Довлатов был у меня за полгода до смерти. Собралась компания, все выпивали, а Сергей ничего не пил, говорил: мне врач сказал, что если в течение полугода не прикоснусь к спиртному, то могу выздороветь. Но потом не смог… Сейчас все стали с ним носиться, а тогда здесь никто его не знал, его упорно не печатали, только в самиздате что-то выхолило. Сначала Довлатов стал известен американскому читателю. У него появилась переводчица-американка, которая была вхожа в журнал «Нью-Йоркер». А в этом журнале напечататься — все равно что Героя Социалистического Труда получить. Я в нем тоже печатался. А у Сергея там выходил рассказ за рассказом, и он получал большие гонорары, известность. Его стиль точно совпал с минималистским лекалом американских журналов. В нем была недоговоренность, острый, но ненавязчивый юмор…

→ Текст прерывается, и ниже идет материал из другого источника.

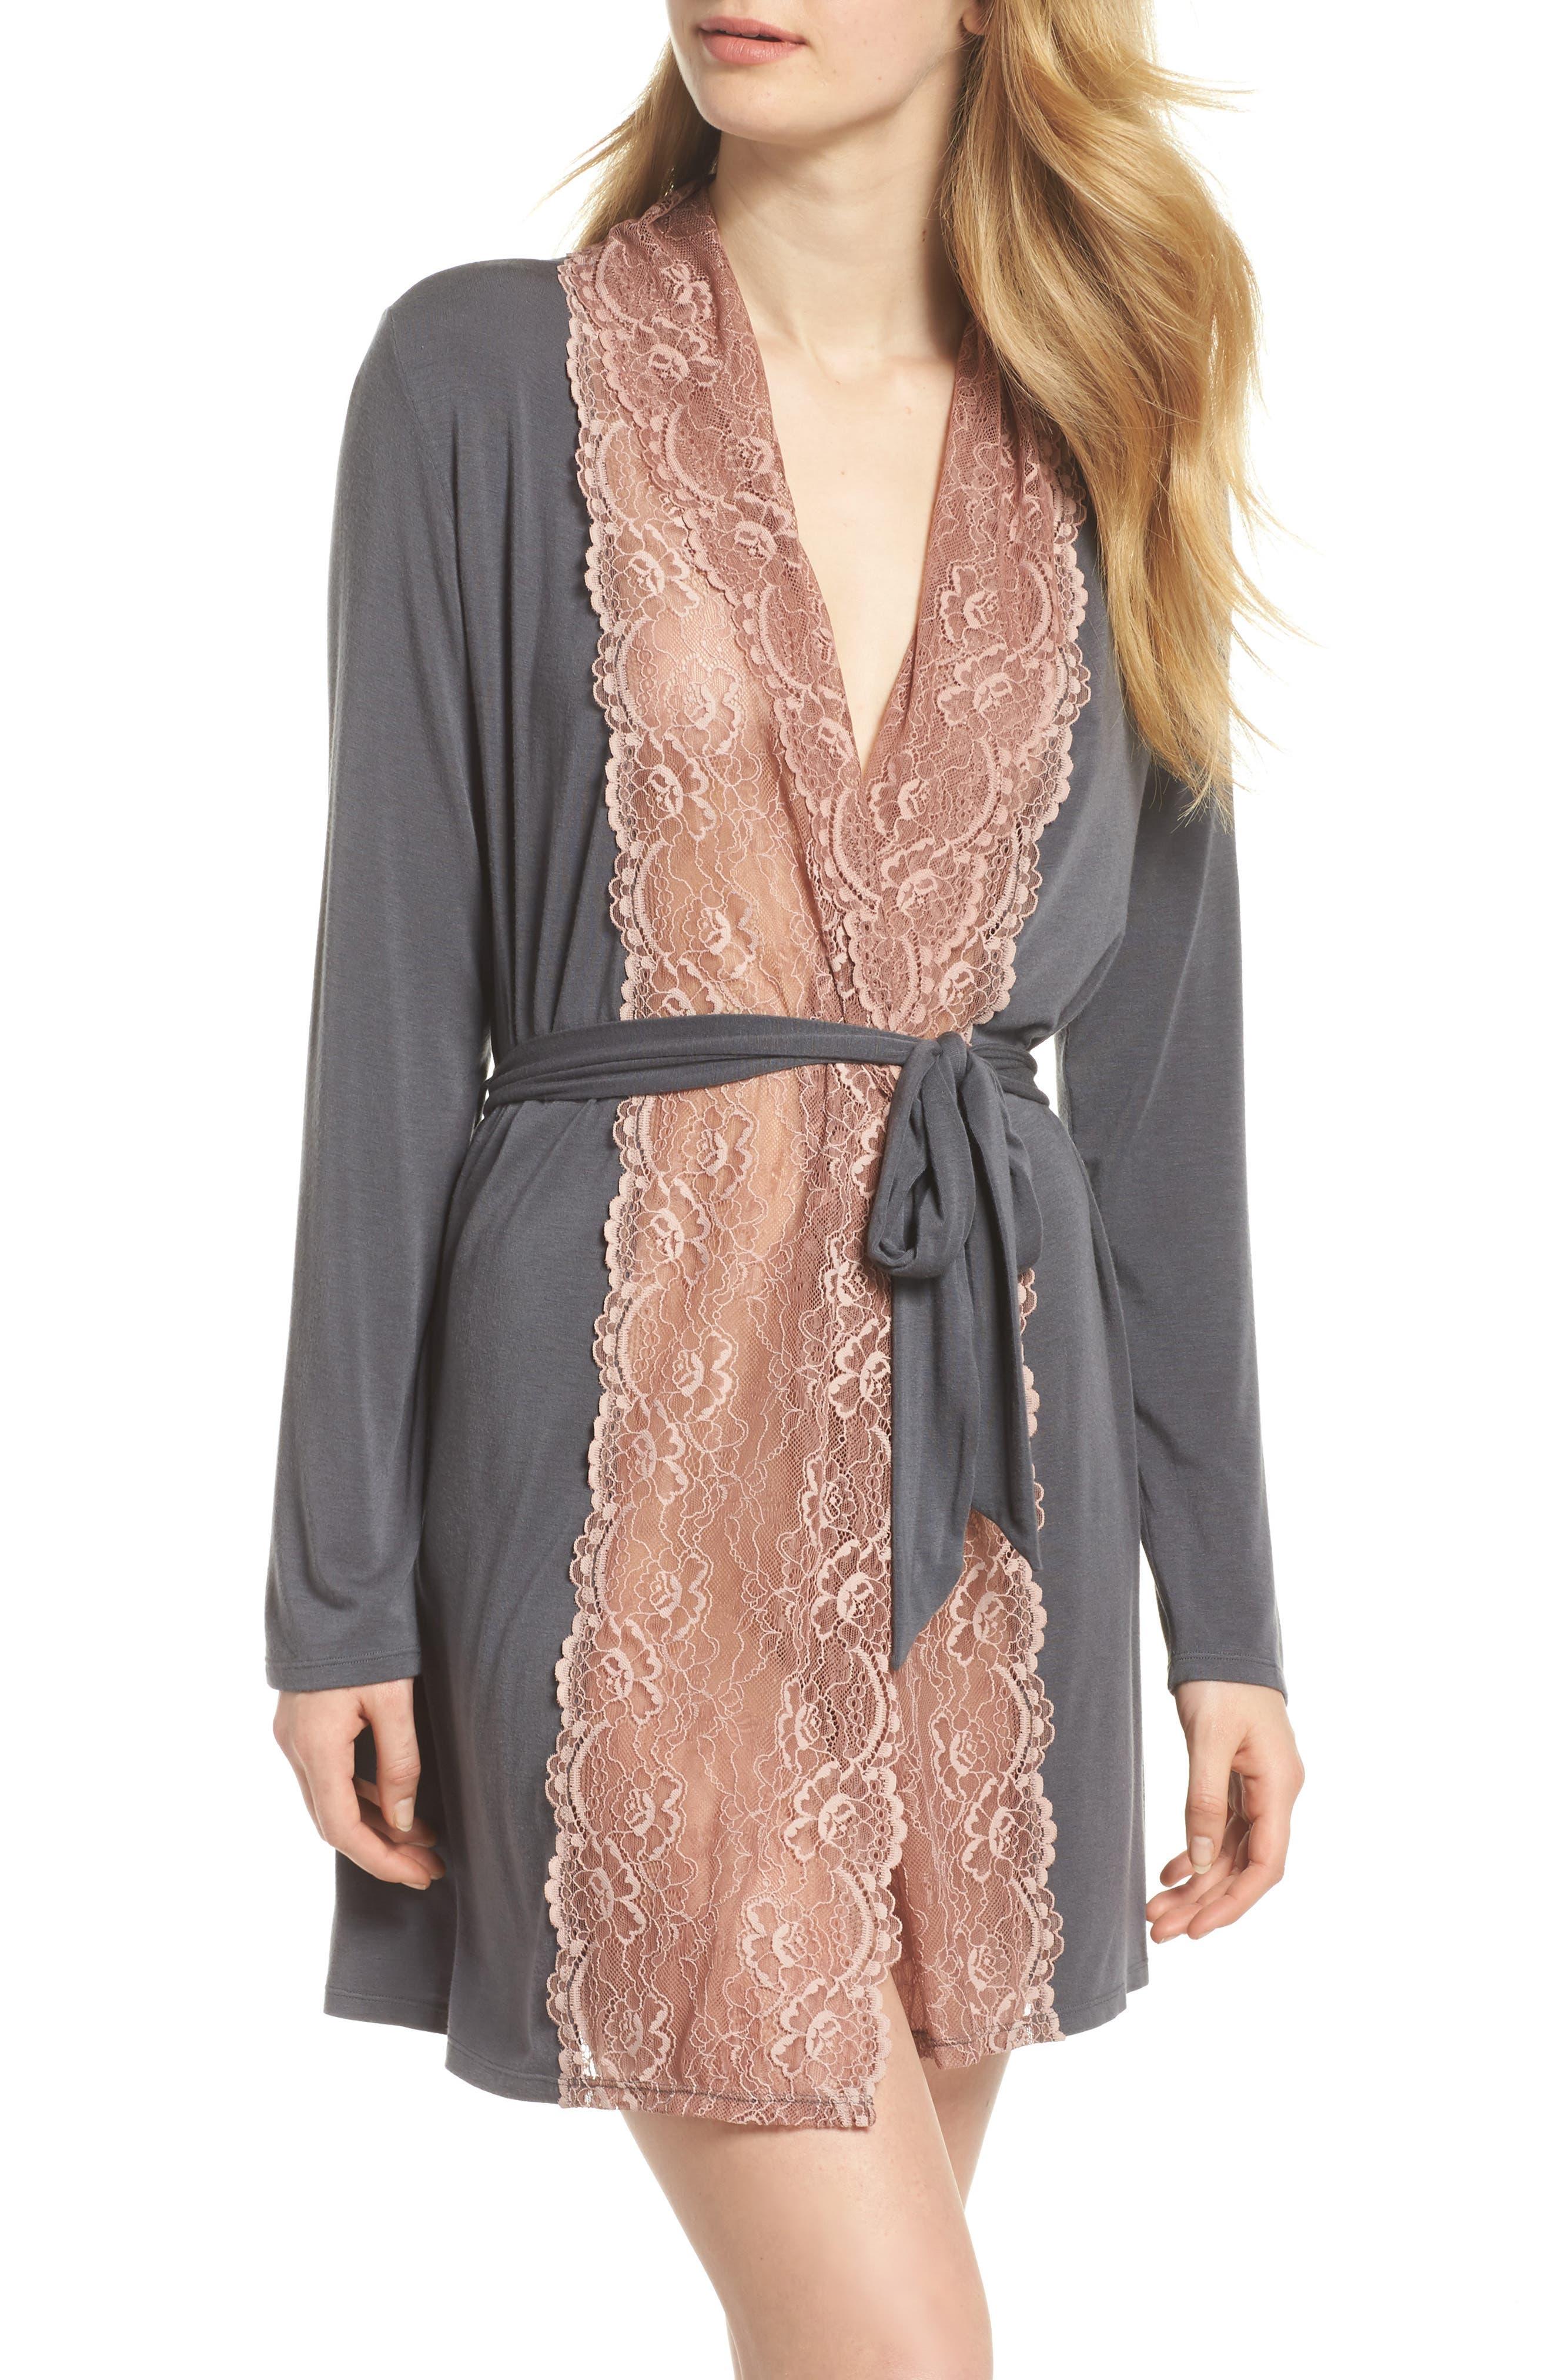 Vintage Nightgowns, Pajamas, Baby Dolls, Robes Womens Samantha Chang Lace Trim Robe $125.00 AT vintagedancer.com

— Ваши взгляды как-то изменились за прошедшие годы?

— Взгляды у меня хамелеоновские — везде приспосабливаюсь. (Смеется.) А если всерьез, то они у меня как были, так и остались — антитоталитарные. Я западный либерал.


— Отшлифованный взаимодействием с другой культурной средой?

— У меня это вопросик патриотизма, между прочим. Когда я здесь — защищаю Запад, даже Америку. Когда я в Америке или в Европе — защищаю Россию. Мне не нравится, когда ее критикуют, бесит, если представляют по стереотипам. А здесь меня раздражает, как об американцах говорят, что они жирные и тупые.